YOUR GOAL
In duplicating the lines below, keep every word unchanged and drop the pictures.

DATA BLOCK
[Start of section]

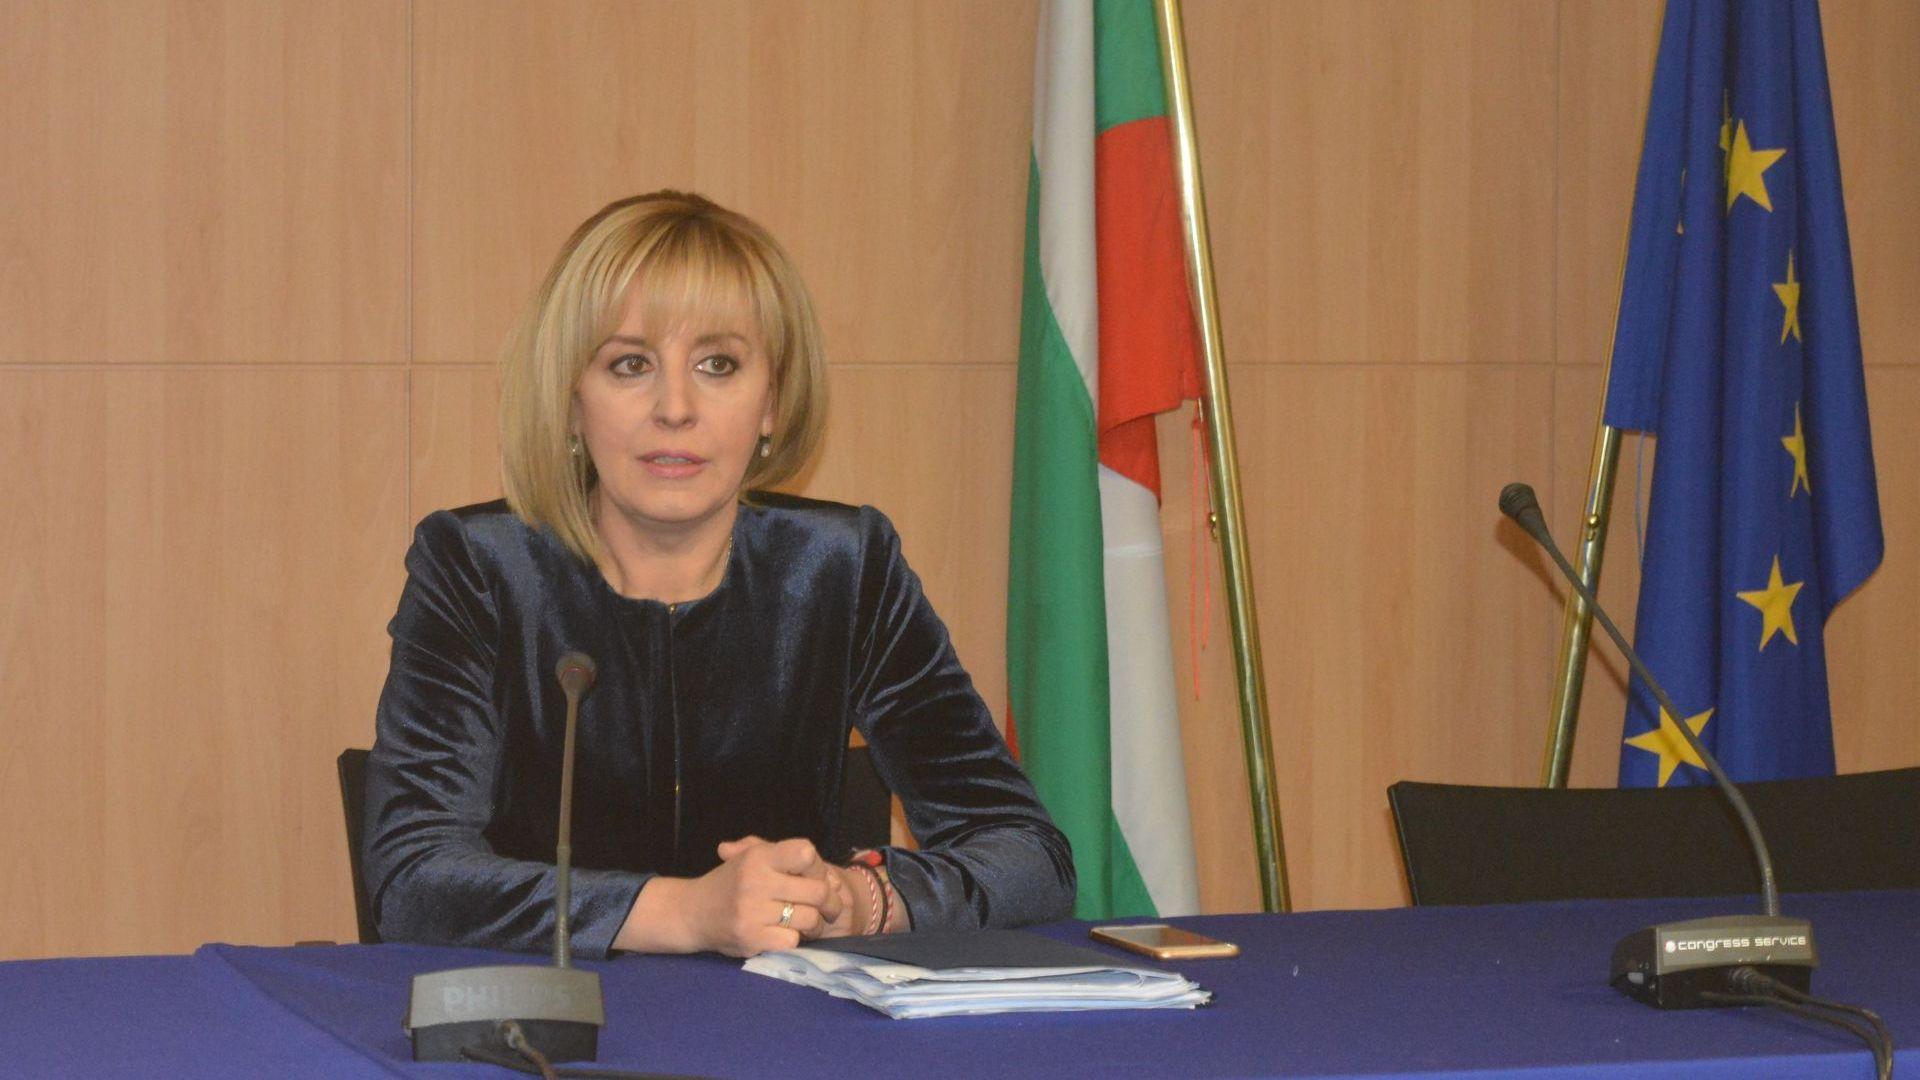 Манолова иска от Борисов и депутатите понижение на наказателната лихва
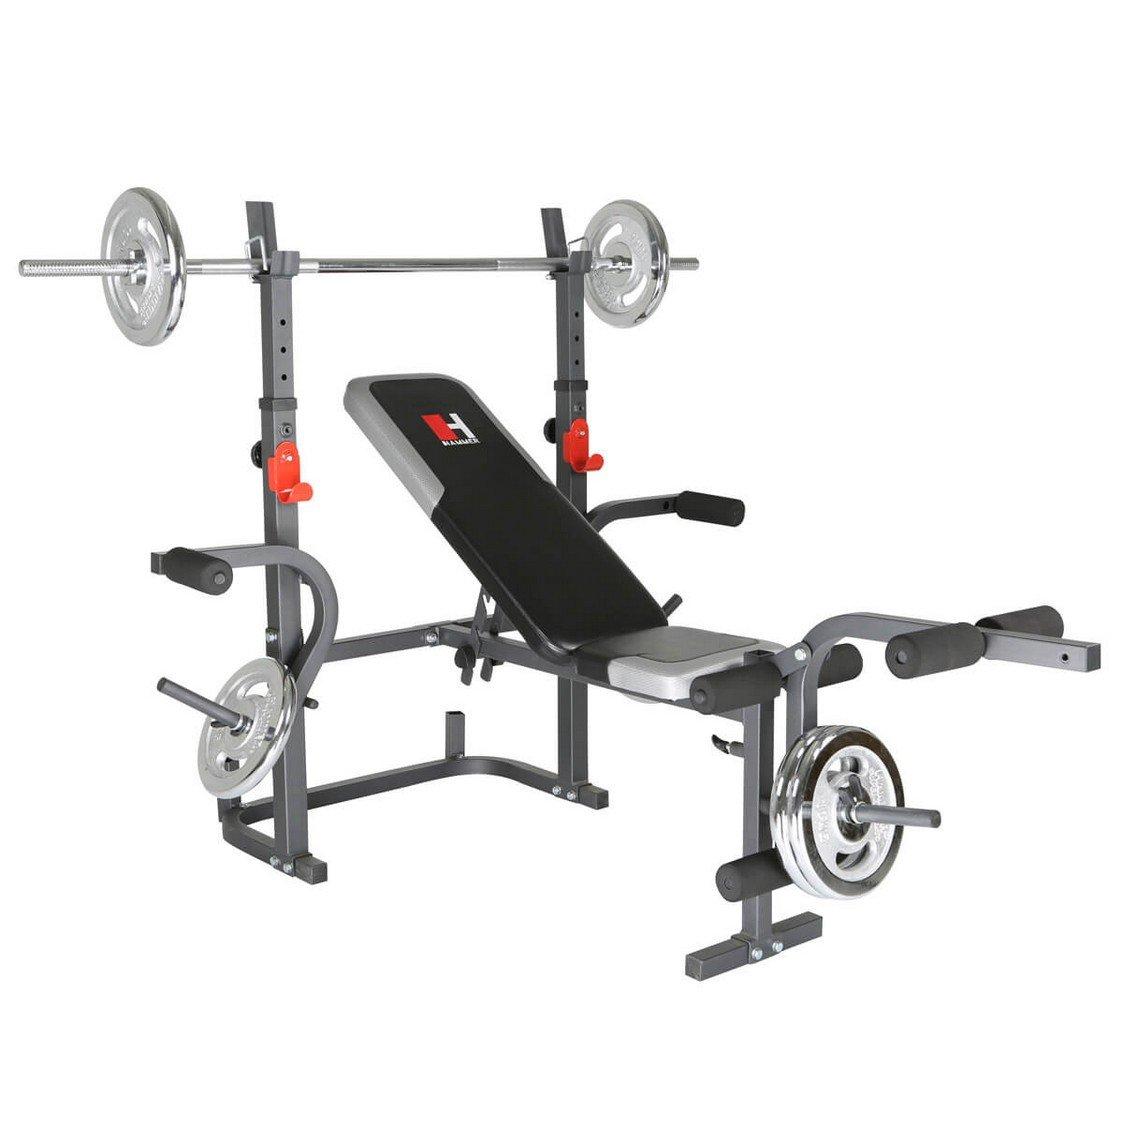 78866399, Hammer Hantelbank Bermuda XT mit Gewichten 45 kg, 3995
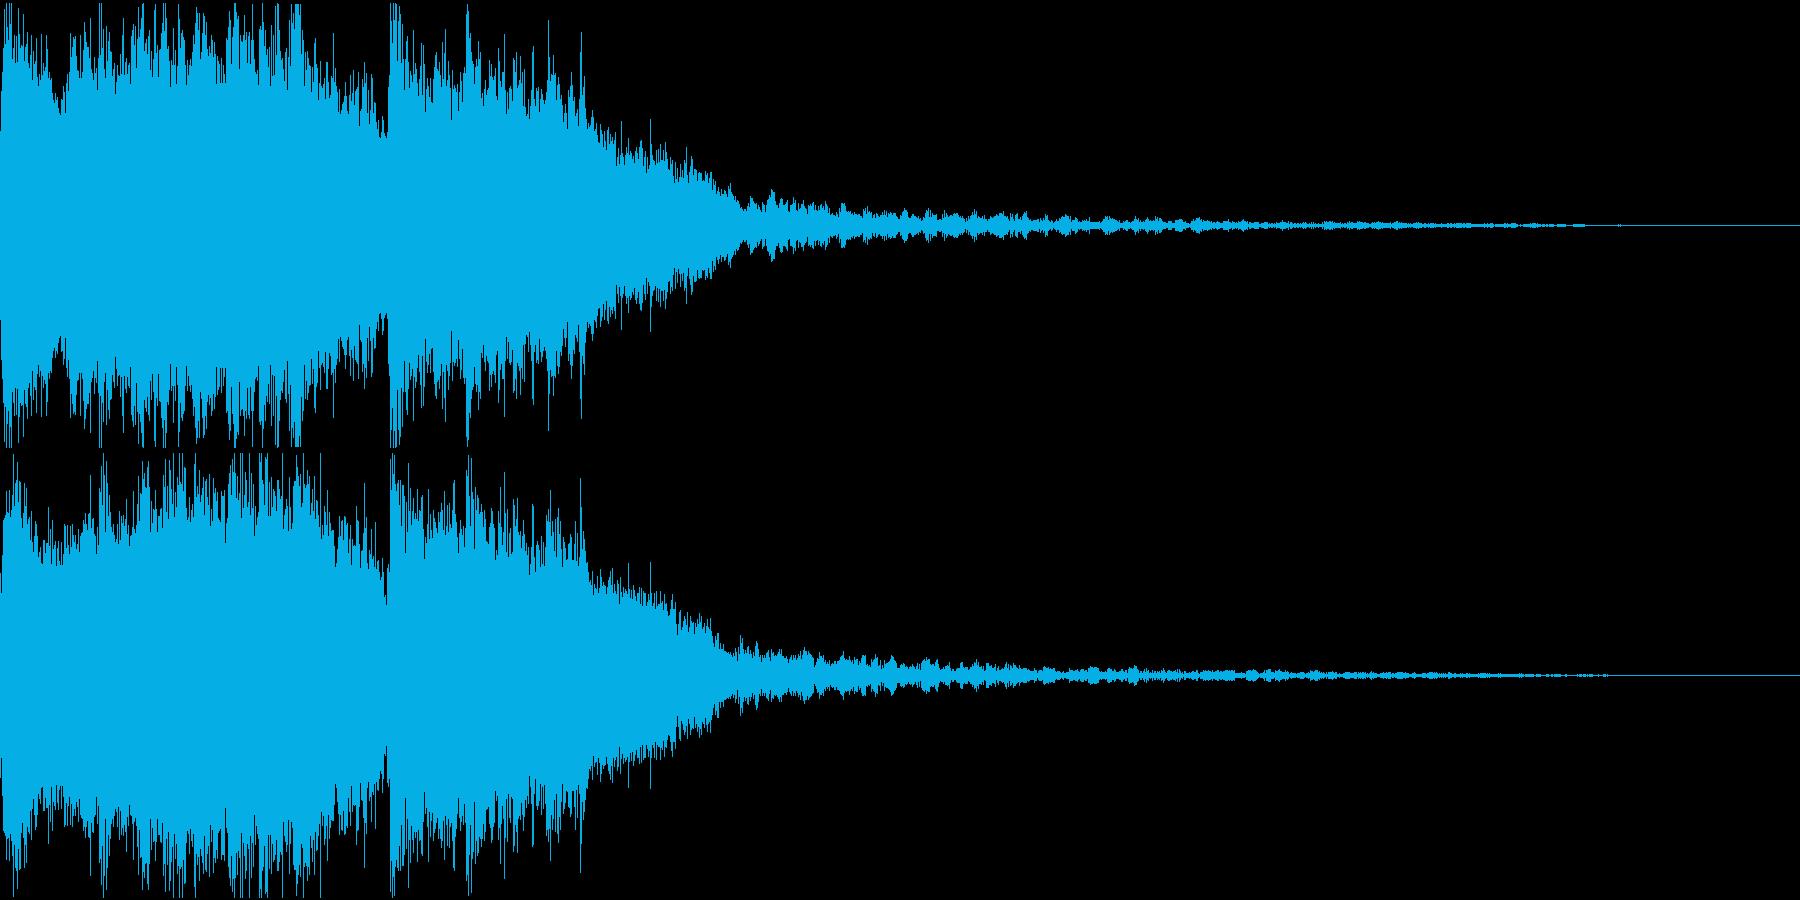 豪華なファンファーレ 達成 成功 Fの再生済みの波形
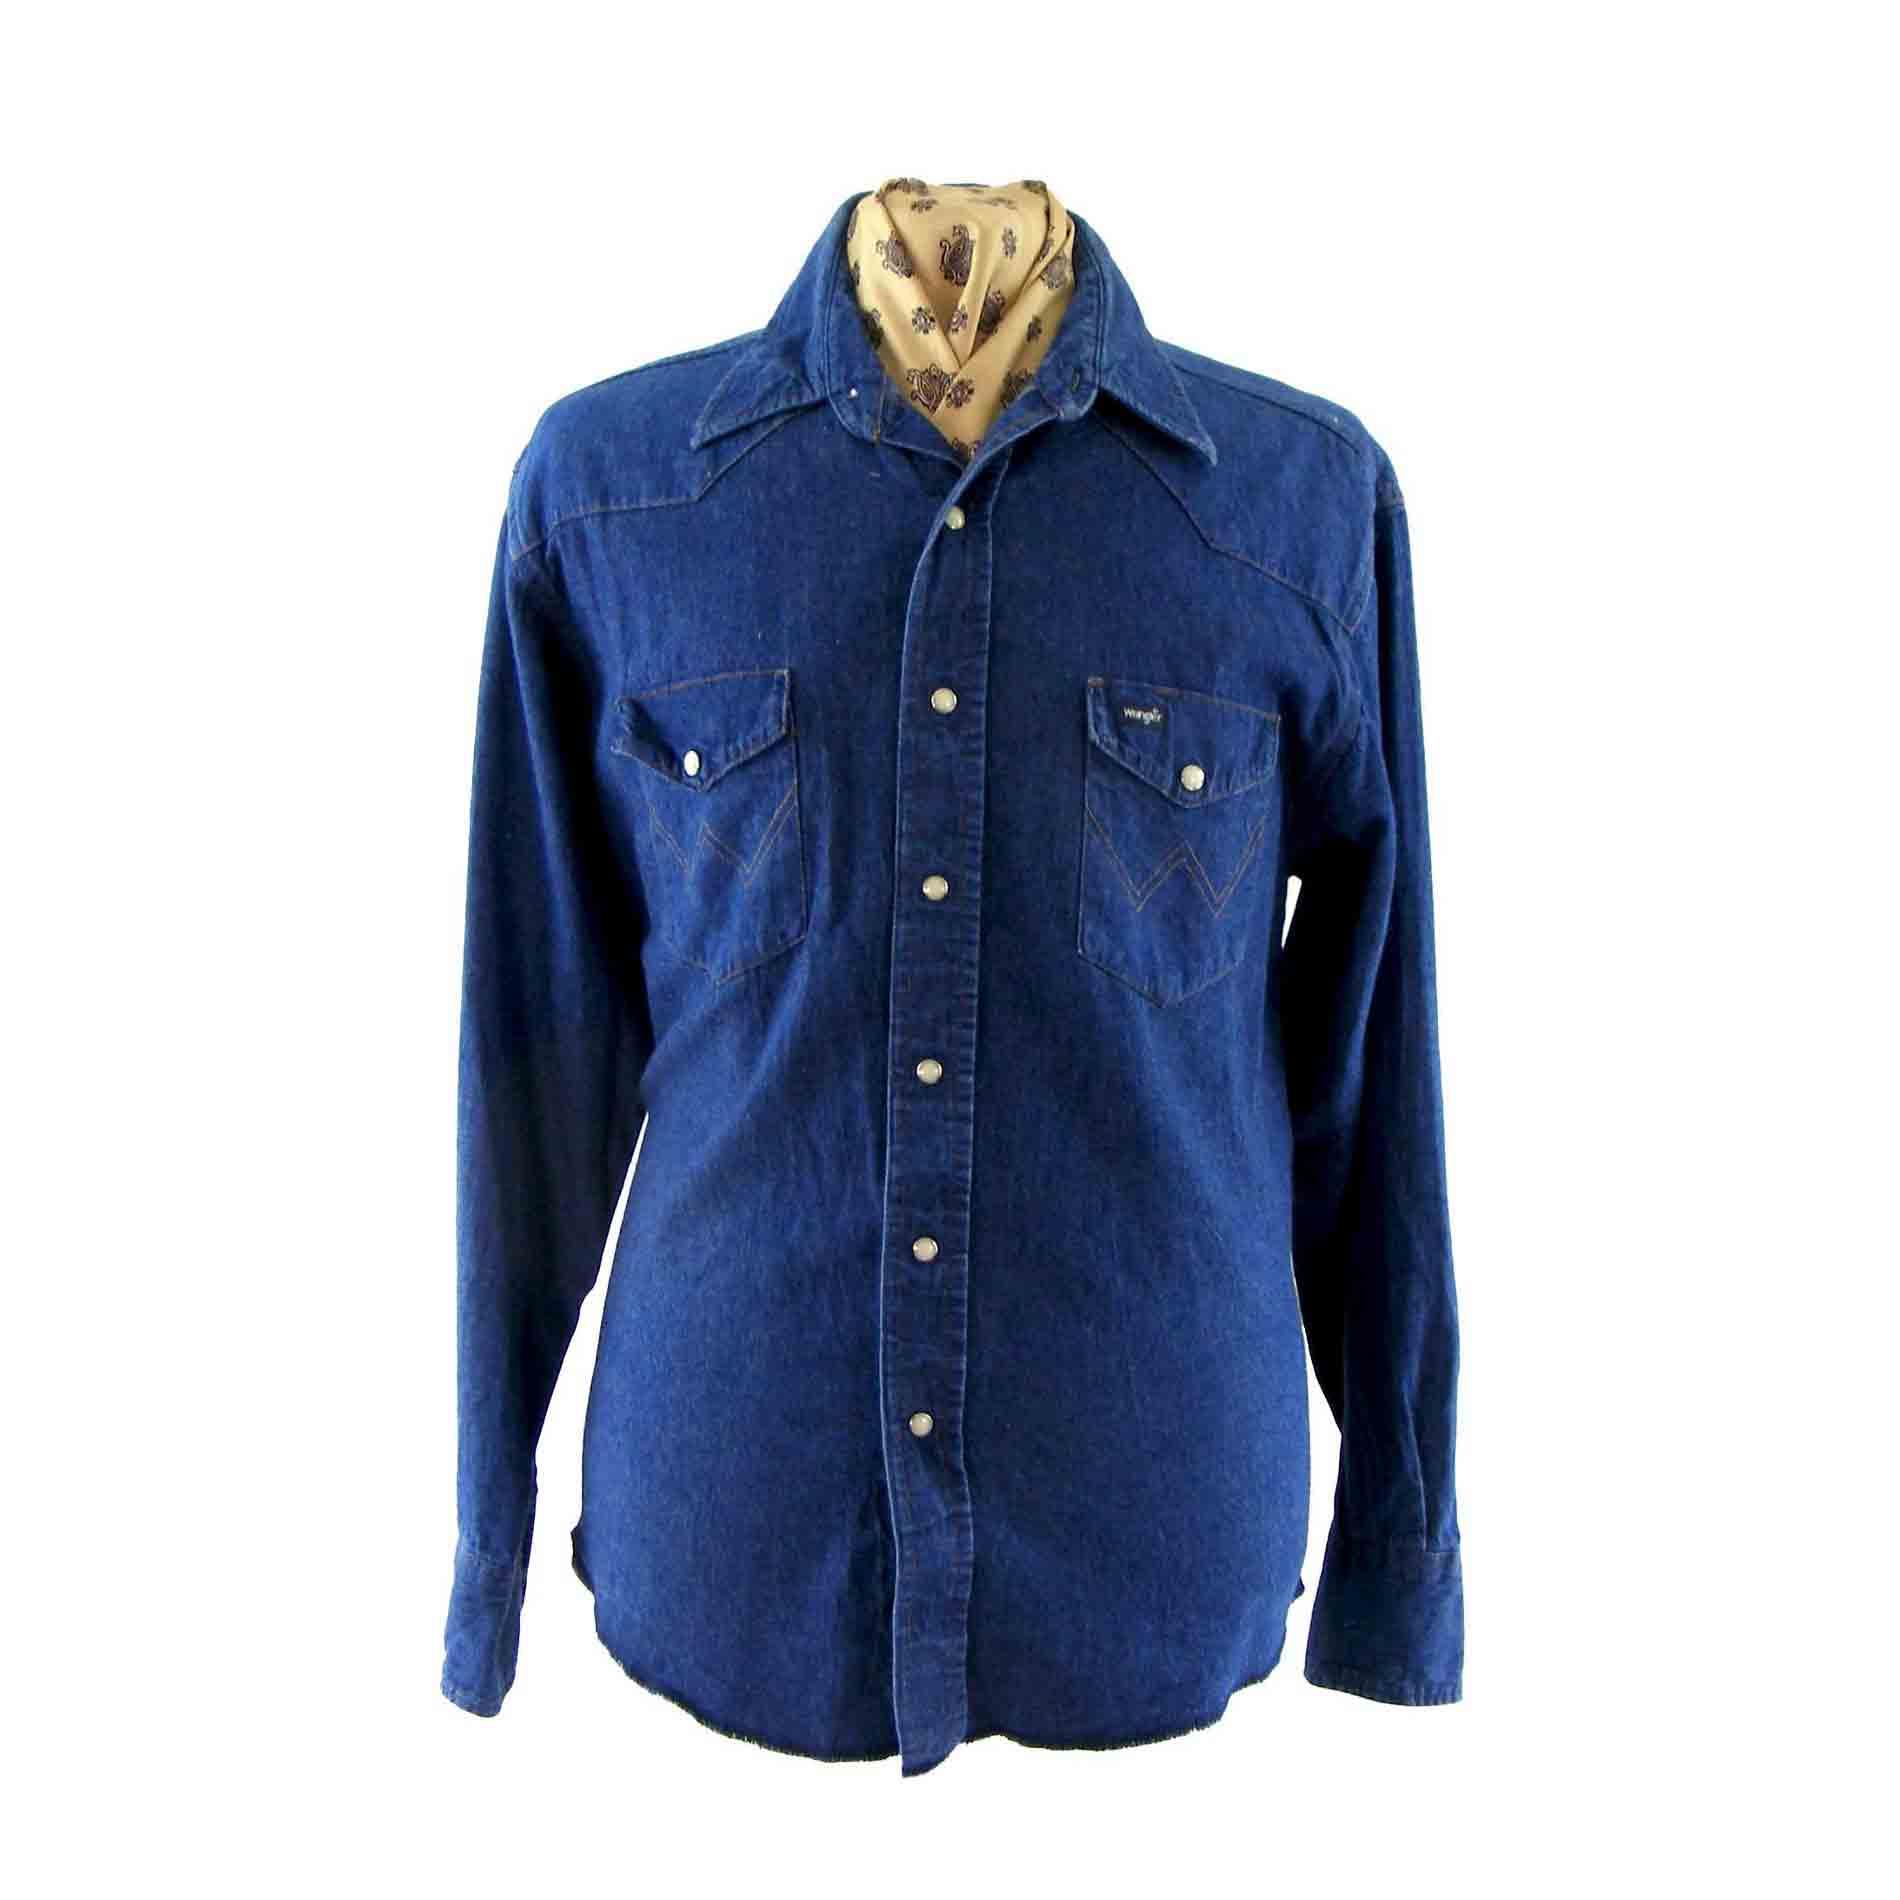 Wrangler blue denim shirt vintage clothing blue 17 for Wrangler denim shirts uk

[End of section]

SOLUTION TO THIS TASK
 Манолова иска от Борисов и депутатите понижение на наказателната лихва
 78866399, Hammer Hantelbank Bermuda XT mit Gewichten 45 kg, 3995
 豪華なファンファーレ 達成 成功 Fの再生済みの波形
 Wrangler blue denim shirt vintage clothing blue 17 for Wrangler denim shirts uk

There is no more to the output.